I have the following points, shapes, and paths. I would like to find a path that goes through all of them:


I want a path that first traverses the circle, then traverses the square, then traverses the star in the middle, in that order.

It's simple to go to the circle from the bottom left and around it, hitting each point. However, the second shape (the square) is in the top right corner, so I have to go around the star (so I don't cross it) and traverse the square. Finally, I go to the middle, hit each of the points of the star and done. Once that is done, going backwards is pretty easy.

This is an easy example. In my situation, though, there can be hundreds of shapes in between each of them and I have to go to each shape in the order they are stated.

How do I calculate a path that avoids a particular shape (e.g., the star)?
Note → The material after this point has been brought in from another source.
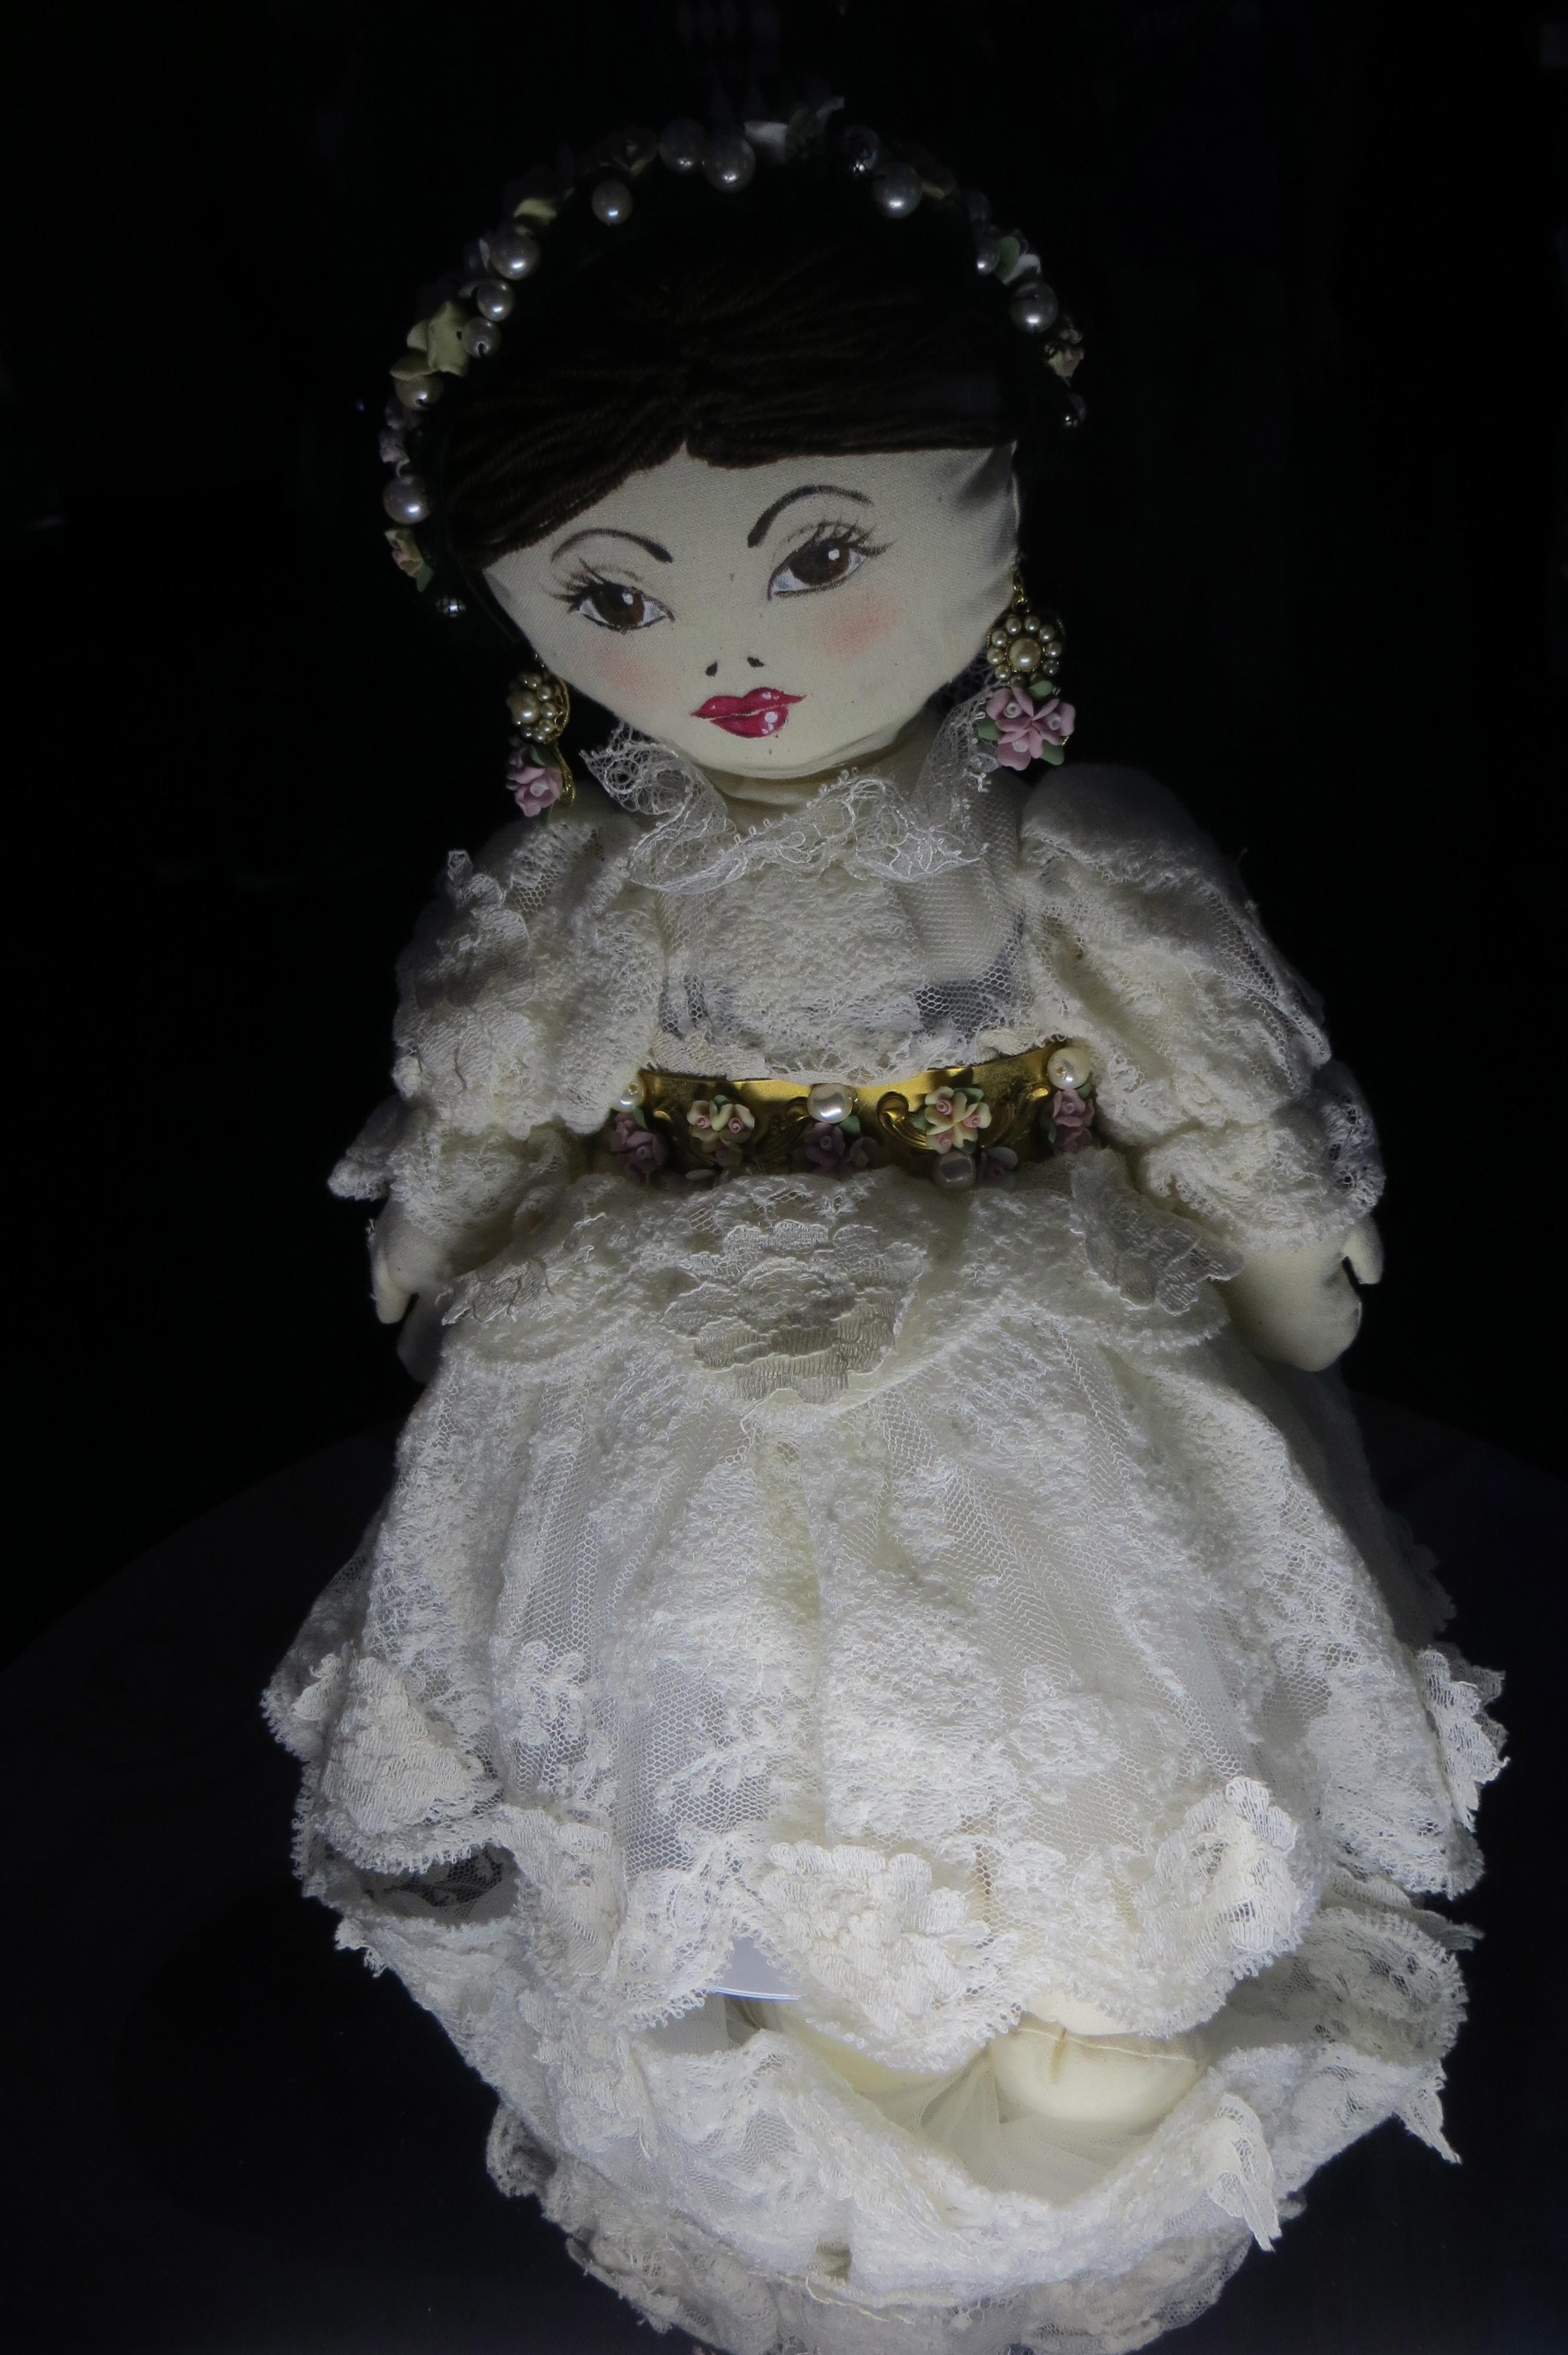 Dolce & Gabbana doll 2012
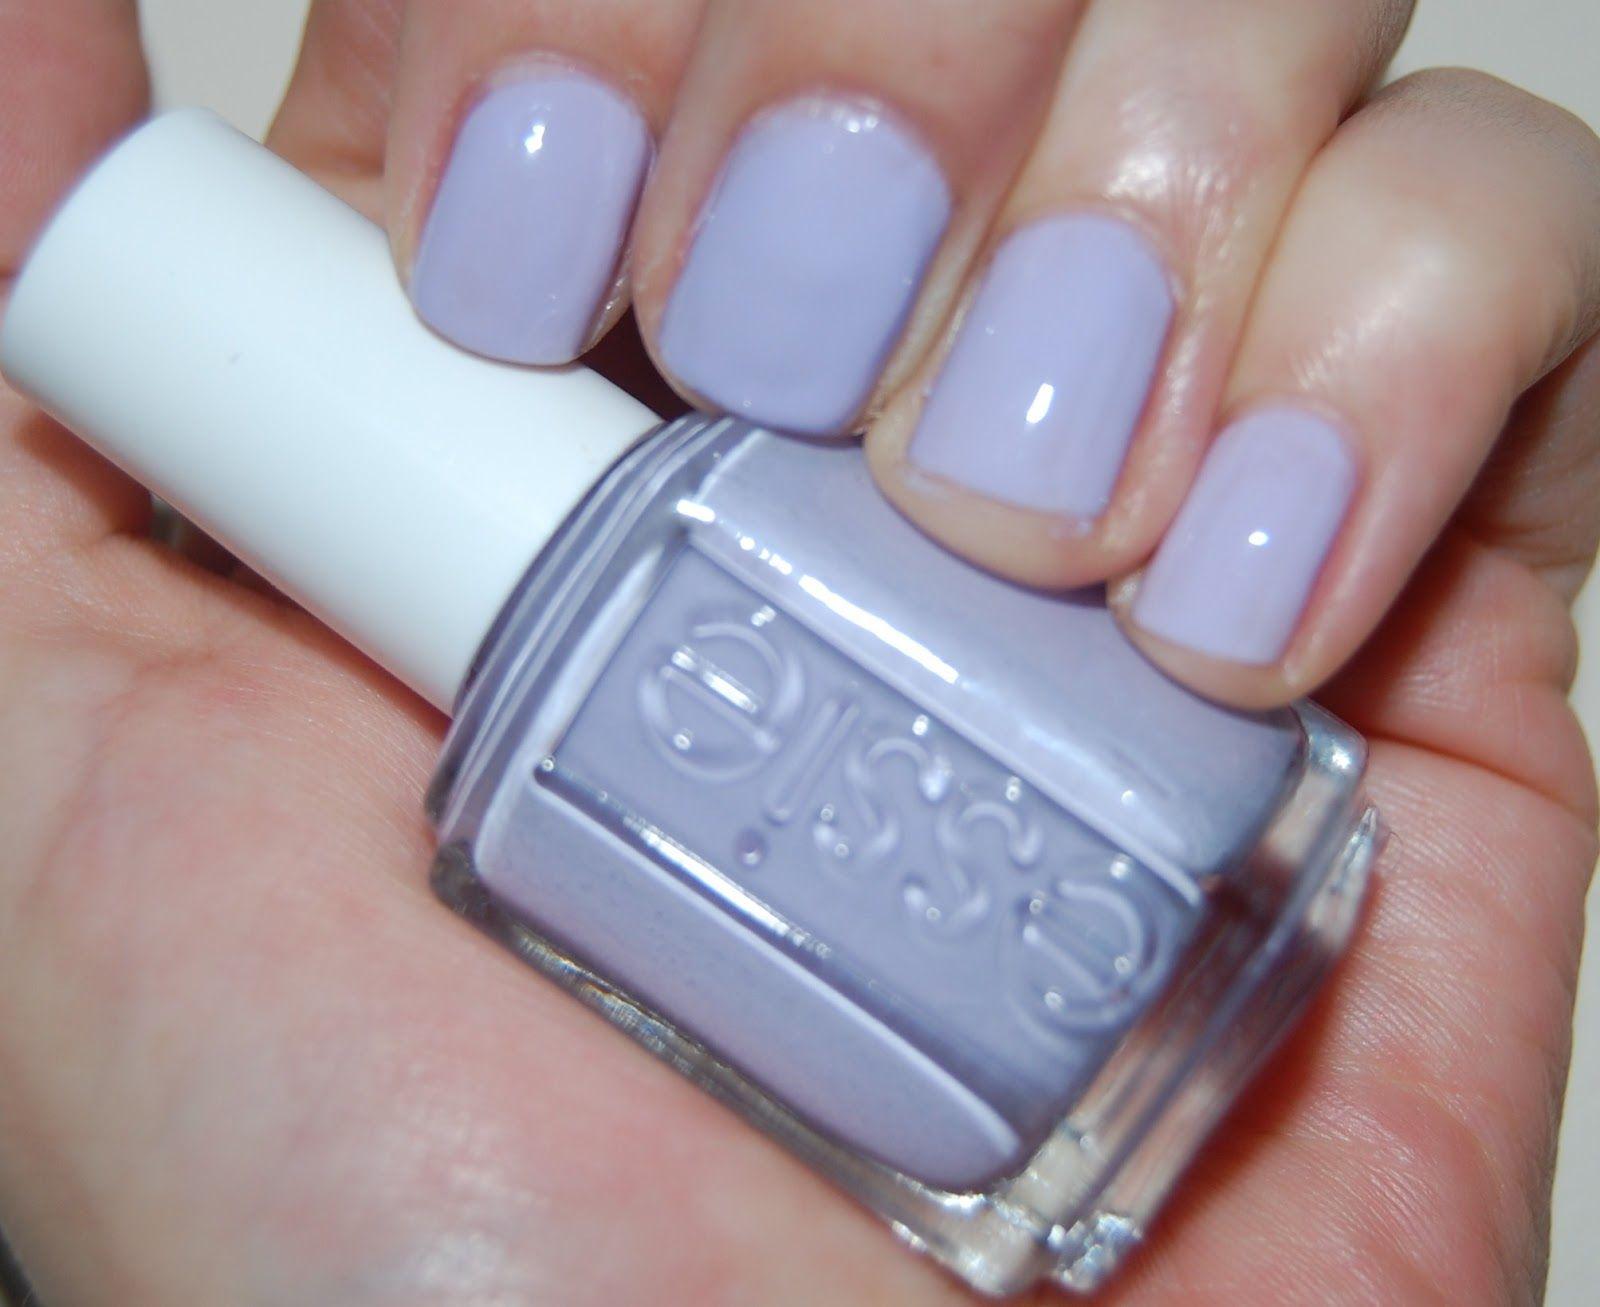 Essie+Lilacism+Swatch.JPG | ESSIE nail polish | Pinterest | Essie ...

I'm not sure what algorithm to look for. Is it a Travelling salesman problem? A*?

The shapes are defined on a grid. This is what I mean:

Grid representation

"1" means the path must go thru here and "0" is empty space which can be used to get to from one place to another.

  • $\begingroup$ Do you have to traverse the points of each shape in a specific order, or is the starting point and traversal order (of a specific shape) arbitrary? If it is fixed, then isn't it just a matter of finding the shortest path from one shape to the next (while avoiding the other shapes, which is a fairly standard problem). $\endgroup$ Commented Nov 27, 2015 at 11:34
  • $\begingroup$ Well, if I have to pass the points in a square considering lower left is 0,0 and upper right is 1,1 I have to do something like: 0,0 to 0,1. 0,1 to 1,1. 1,1 to 1,0. 1,0 to 0,0. I cant do 1,1 to 0,0 as that would make a diagonal line and it would not be a square then. $\endgroup$
    – riahc3
    Commented Nov 27, 2015 at 11:38
  • $\begingroup$ That's not what I asked. I take that you have to presume the shape in clockwise or anticlockwise fashion (no diagonals) but the starting point can be arbitrary? I.e. you get to choose whether you start traversing a shape in the left corner, or in the right corner, or somewhere else? $\endgroup$ Commented Nov 27, 2015 at 11:42
  • $\begingroup$ Initially, the intitial path to go to the first shape (even if it is in the upper right corner) must be started from the lower left. But once I start that path, it doesnt matter if the shapes themselves are done clockwise, counterclockwise, reverse, forward, up, down, etc. If I need to go thru a entire shape again to go to another shape even thought I already did that path, that is fine too. $\endgroup$
    – riahc3
    Commented Nov 27, 2015 at 11:44

1 Answer 1


The key step is: get from point $Q$ to shape $S$, while avoiding shape $A$. For instance, point $Q$ might be the last point you visit on the circle, $S$ might be the square, and $A$ might be the star.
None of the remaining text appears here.